Jim Rutherford Trophy
- Sport: Ice hockey
- Awarded for: Best goaltender in OHL

History
- First award: 2020
- Most recent: Ryder Fetterolf (2025–26)

= Jim Rutherford Trophy =

The Jim Rutherford Trophy is given to the best goaltender in the Ontario Hockey League, as voted by coaches and general managers. The winner is also nominated for the CHL Goaltender of the Year award.

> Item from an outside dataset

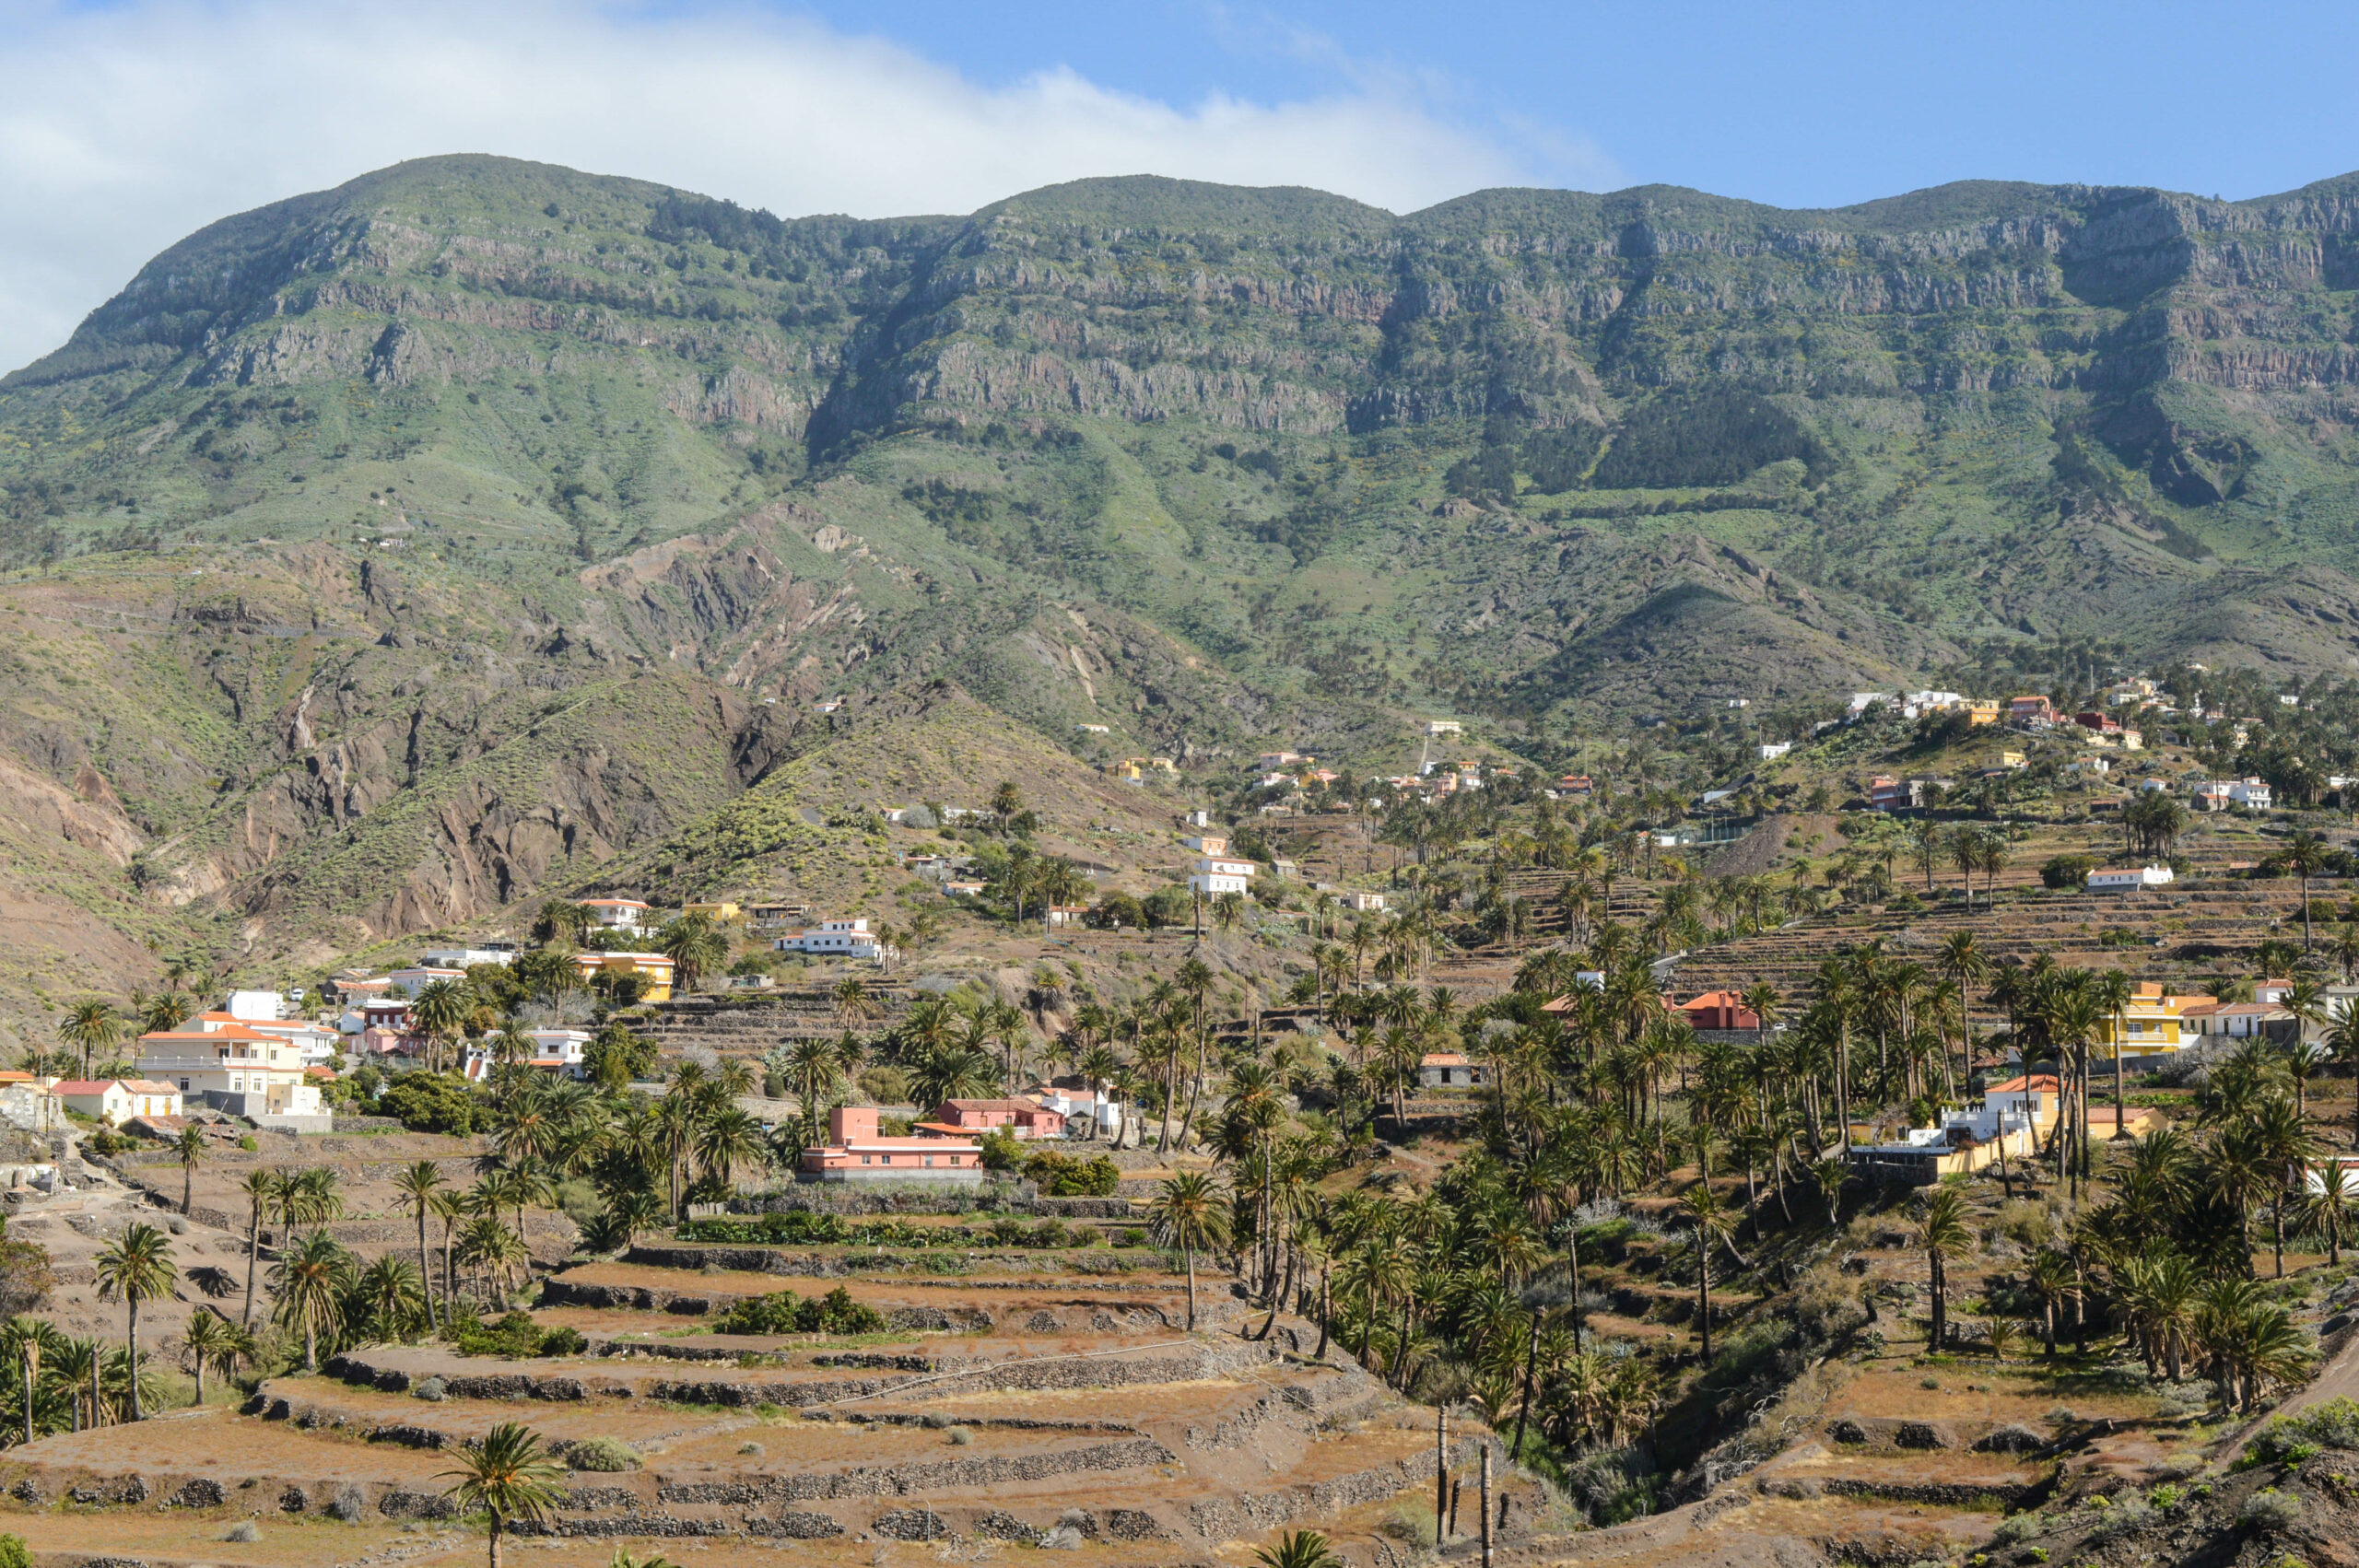 Quelques maisons dans la vallée, ainsi que quelques palmiers, avec les falaises rocheuses derrière, au loin

From 1988 until 2019, the award was named the Ontario Hockey League Goaltender of the Year Award. On May 19, 2020, the OHL unveiled the Jim Rutherford Trophy, in honour of former goaltender Jim Rutherford. Rutherford played with the Hamilton Red Wings from 1967-69 before playing in the National Hockey League with the Detroit Red Wings, Pittsburgh Penguins, Toronto Maple Leafs and Los Angeles Kings from 1970-83. Following his playing career, Rutherford joined the Windsor Compuware Spitfires as the general manager of the team from 1984-88, winning the J. Ross Robertson Cup in the 1987-88 season. In 1990, Rutherford became the general manager and president of the Detroit Compuware Ambassadors. He remained in this position as they were renamed the Detroit Junior Red Wings in 1992 until accepting a job promotion to become the general manager, president, and minority owner of the Hartford Whalers in 1994. Rutherford remained with the club as general manager when they relocated and became the Carolina Hurricanes in 1997. In 2006, Rutherford won the Stanley Cup with the Hurricanes. He stayed with the club until 2014 before stepping down and selling his shares in the Hurricanes to become the general manager of the Pittsburgh Penguins. With the Penguins, Rutherford has won the Stanley Cup two more times, in 2016 and 2017. Rutherford was named to the Hockey Hall of Fame in 2019.

==Winners==
Prior to 2020, the Jim Rutherford Trophy was called the Ontario Hockey Goaltender of the Year.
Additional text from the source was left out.